As a team co-owner of the No. 98 Honda at Andretti Autosport, Bryan Herta is often consulted on business and performance topics.

Herta usually likes to have the answers.

But he struggles with one question that has hovered over the NTT IndyCar Series since it was shut down on March 13.

“When do we go back to racing? It’s complete conjecture,” Herta told NBCSports.com. “Not knowing is hard.”

In the face of adversity, all Herta can do is hope.

“I’m hopeful,” he said. “I don’t want to say I’m confident because I don’t really know. I don’t think anybody does. I’m hopeful. We have to follow what the government is advising and what other sports are doing as well. I’m hopeful we can go back to racing.

“In my mind, personally, do we go back to racing without fans at first? Are they closed events, but still bring it to a television audience? It seems like it is going to be a longer, slower process to have crowds of people. But I don’t really know.”

Bryan Herta (left), Michael Andretti (center), Marco Andretti (right) — INDYCAR Photo

In addition to his partnership at Andretti Autosport, Herta also owns an IMSA Sports Car team at Bryan Herta Autosport. It’s a Hyundai Motorsport effort that competes in the IMSA Michelin Pilot Challenge.

While that team has shut down, Herta’s operation is giving back to the community by creating safety masks for first responders in the state of Indiana.

“On our IMSA team, we’re going to try to do as much as we can,” Herta said. “Some of our guys on the IMSA team are building some safety masks for first responders for the State of Indiana. We’re going to chip in and do as much as we can before they tell us, ‘Let’s go. Load your trucks. Let’s go racing.’”

Herta’s effort is separate from the Andretti Autosport program that is currently building framework for medical face shields.

“We’re assembling masks,” Herta explained. “Andretti has 3D printing technologies and are making parts to assemble safety shields. We are going to do some of the assembly and prepping them to go off to hospitals around the state of Indiana.

“We’ve worked through a number of groups in the state, including the Indiana Economic Development Commission.

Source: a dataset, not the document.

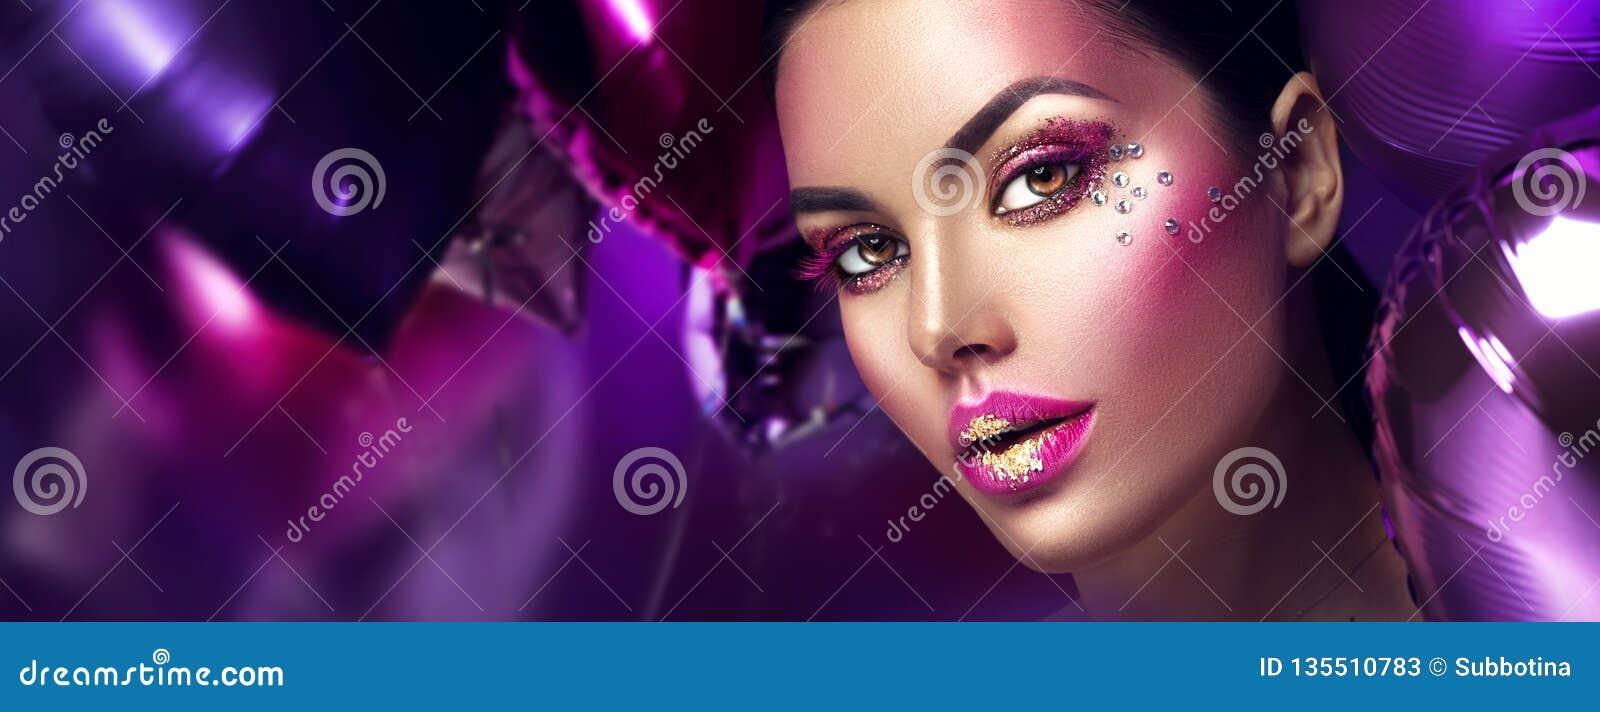 Make-up van de het meisjes de creatieve kunst van de schoonheidsmannequin met gemmen Vrouwengezicht over purpere, roze en violett

When we got shut down, we told them we have people, trucks, a facility and if we could help the community, let us know. That was a couple of weeks ago.

“Just this week, we were asked to help assemble masks. We told them we would be more than happy to help.”

Herta said the IMSA team started off with 1,500 masks a week but could increase that to 3,000 to 4,000 a week if needed.

“We’re still working through all of that,” Herta said. “We are working with crews of 6-8 people to keep the numbers small for social distancing.”

Herta is one of the many in racing that are doing their part in the battle against COVID-19. It helps take his mind off the long, seemingly endless days that remained unknown before racing can return to action.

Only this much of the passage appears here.